[Compression] Patas Compression (float/double) (variation on Chimp)#5044
[Compression] Patas Compression (float/double) (variation on Chimp)#5044Mytherin merged 63 commits intoduckdb:masterfrom
Conversation
… states+functions
… every value of a group, no memmove+memcpy needed anymore
…emcopies from that buffer
… because linux wouldn't compile)
…ay declarations to cpp files
Mytherin
left a comment
There was a problem hiding this comment.
Thanks for the PR! The code all looks good to me.
One comment:
| patas_state.StartNewSegment(); | ||
| const auto final_analyze_size = patas_state.TotalUsedBytes(); | ||
| // printf("ANALYZE: ROWGROUP_SIZE: %llu\n", final_analyze_size); | ||
| return final_analyze_size; |
There was a problem hiding this comment.
Both Patas and Chimp return the total used bytes, which means Patas will almost never be chosen, as it generally has a slightly worse compression ratio.

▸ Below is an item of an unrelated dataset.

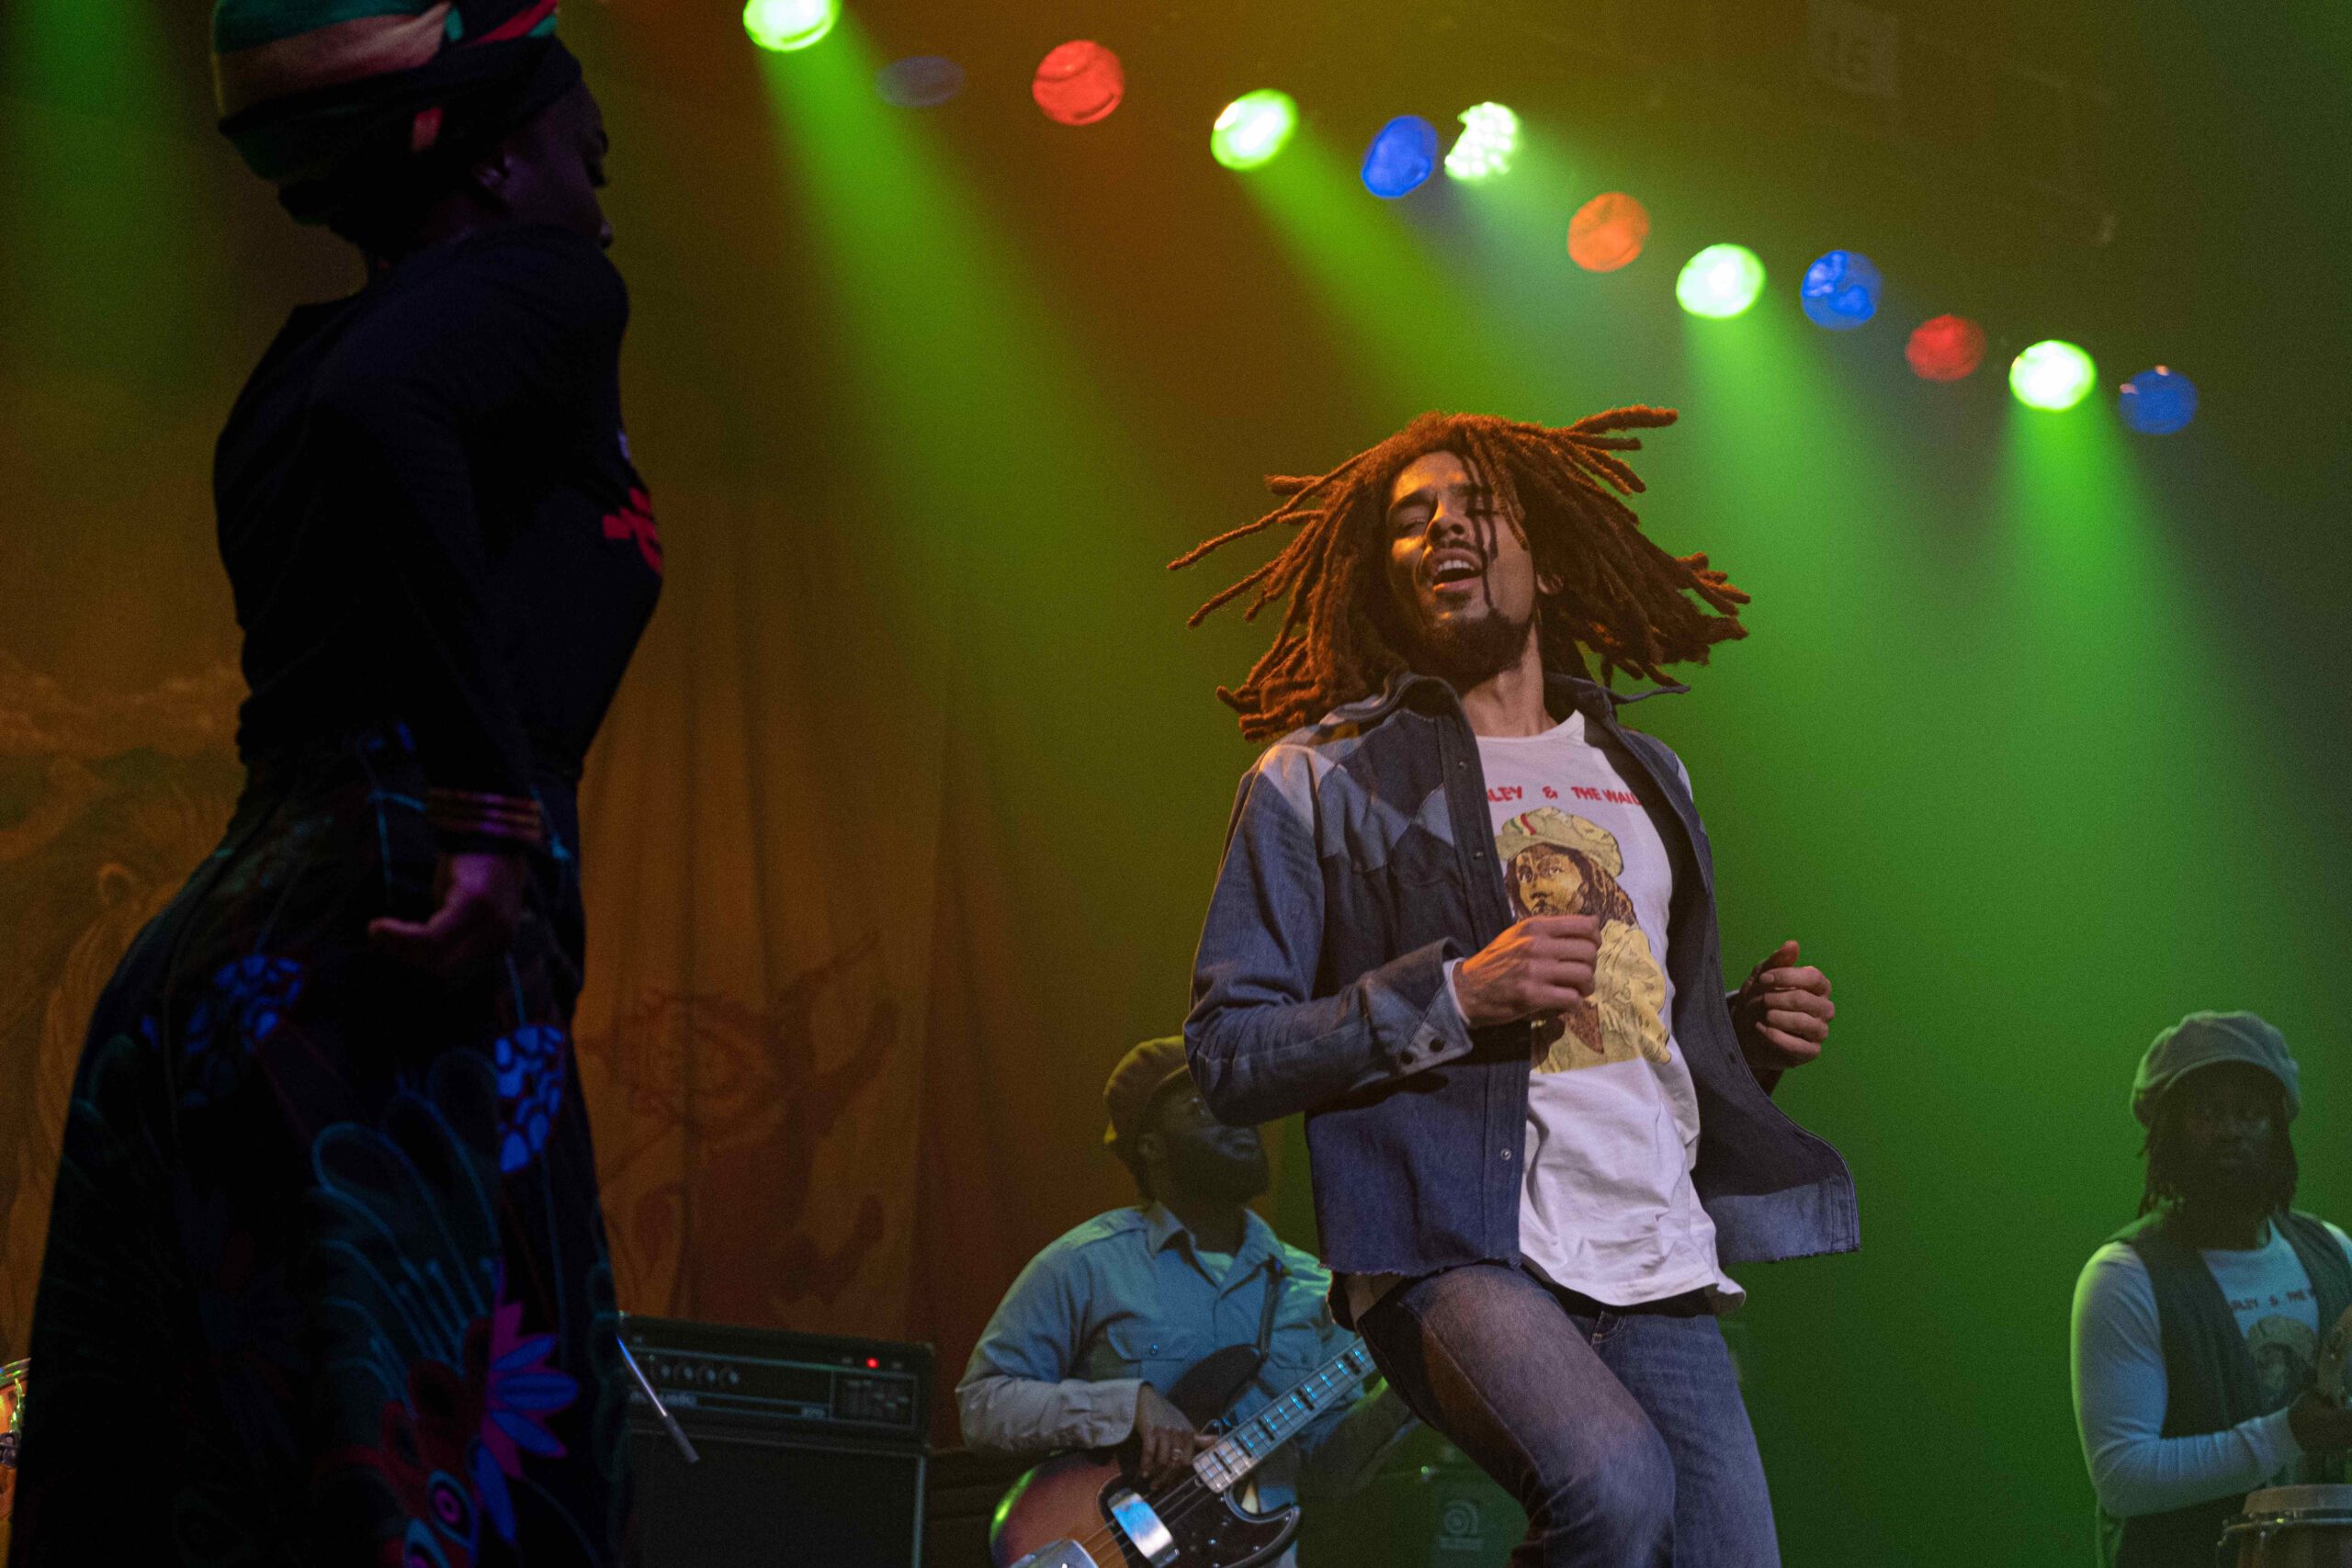 kingsley ben Adir in Bob Marley: One Love

Could we penalize Chimp (and perhaps penalize Patas slightly over uncompressed)? e.g. Chimp could have a *2 multiplier, and Patas a *1.2 or so.

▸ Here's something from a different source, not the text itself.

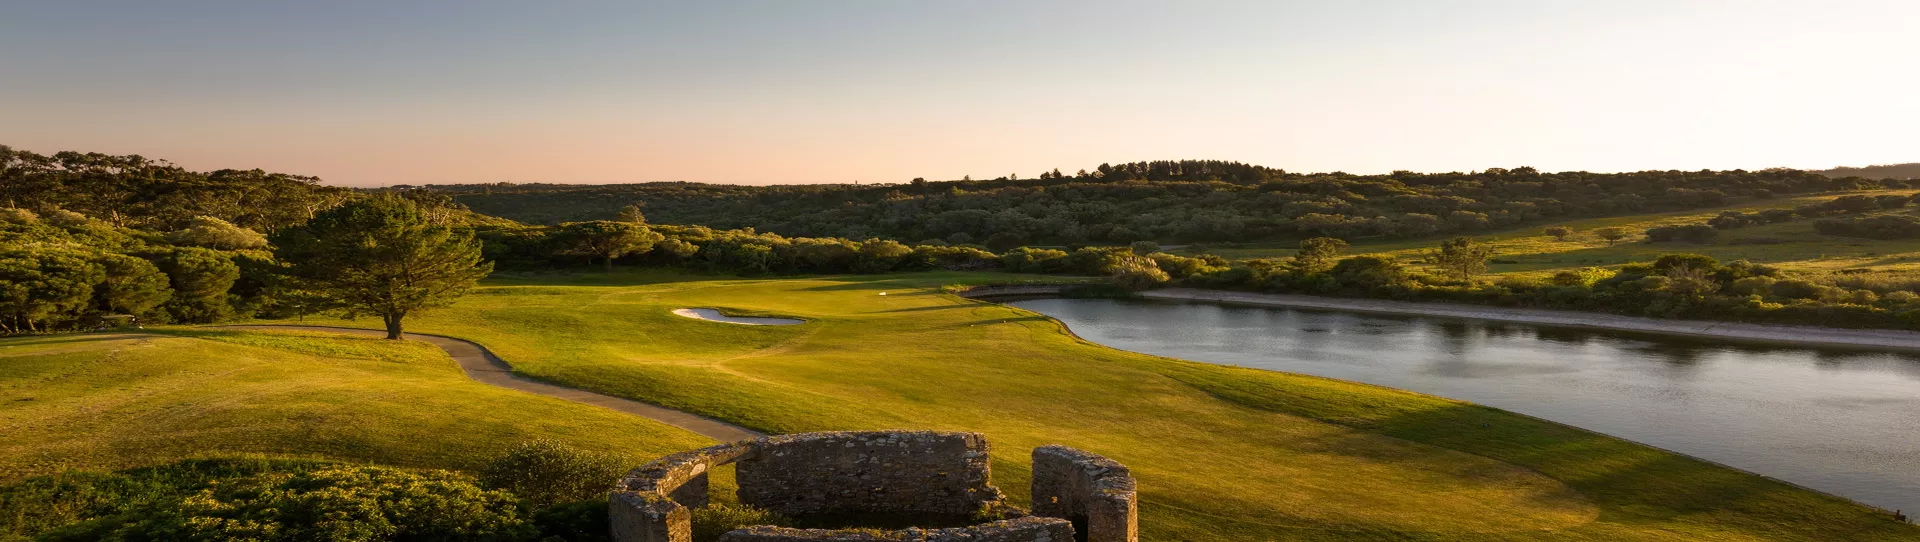 Portugal golf holidays - Penha Longa Twix Experience - Photo 1

There was a problem hiding this comment.
Yes, I remember you mentioned I should do this, just didn't really click how yet.

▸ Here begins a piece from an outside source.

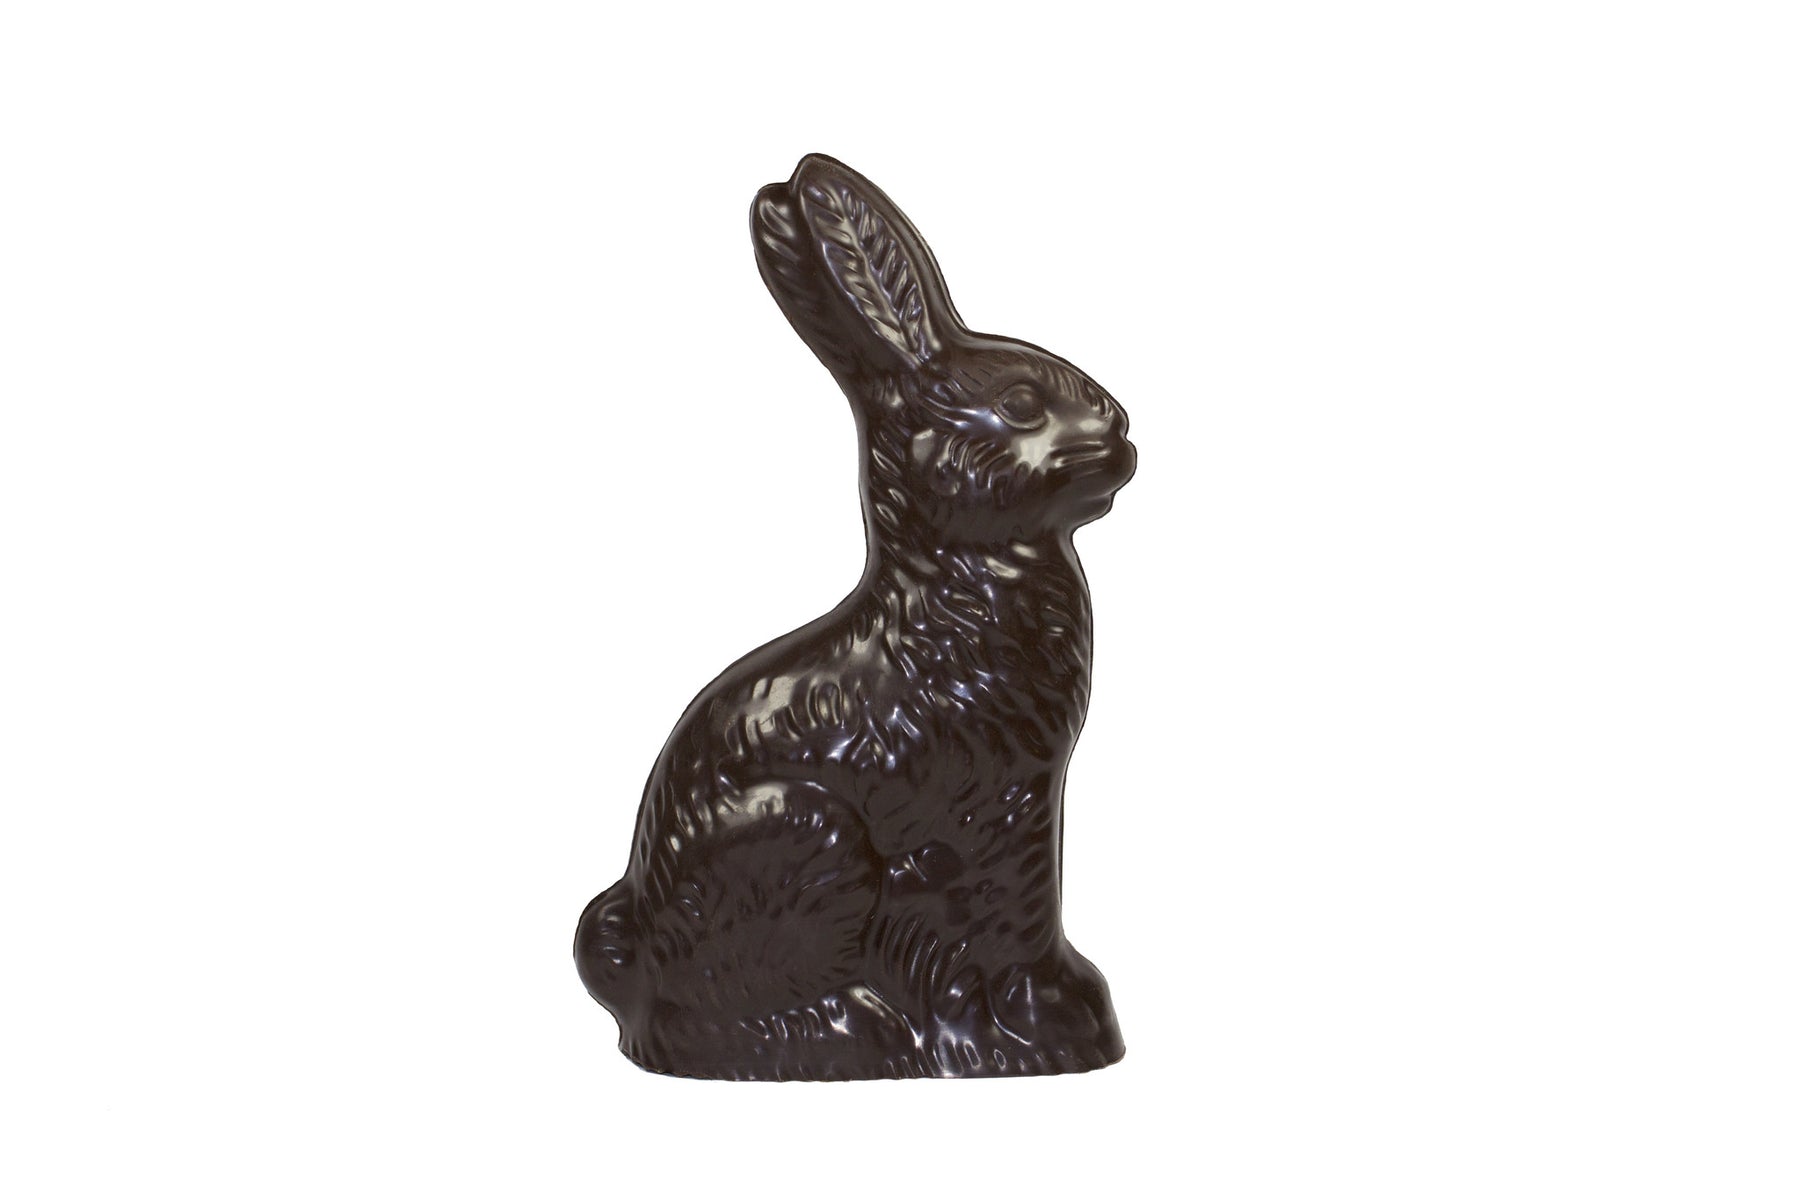 Dark Chocolate Rabbit - Rosalind Candy Castle

But this way makes perfect sense, I'll add it 👍
There was a problem hiding this comment.
I think we actually want to have this function return a struct at some point in the future, e.g. something like:
struct CompressionInfo {
idx_t compression_speed;
idx_t decompression_speed;
idx_t estimated_size;
};That way, we can check what we care about ourselves and add e.g. a configuration. We could also do stuff like, "for temporary tables we care less about estimated size and more about decompression speed than for persistent tables", etc.
Anyway, future PR :)
There was a problem hiding this comment.
I like that idea, though I feel those would kind of be magic numbers.
Maybe instead make them a double and do them relative to speed of uncompressed (though that could also differ per type..)
But that way we would only need to measure the speed of uncompressed and apply the multiplier to figure out the (estimated) speed of the compression algorithm
We could even expose those constants to be able to verify in tests that they hold true (by a margin)
… the compression ratio weighs out the slowness of decompression
|
Thanks! |
This PR adds another compression method, which is very similar to Chimp, but can decompress in a fraction of the time that Chimp takes to decompress (from 5x slower to 2x slower than uncompressed).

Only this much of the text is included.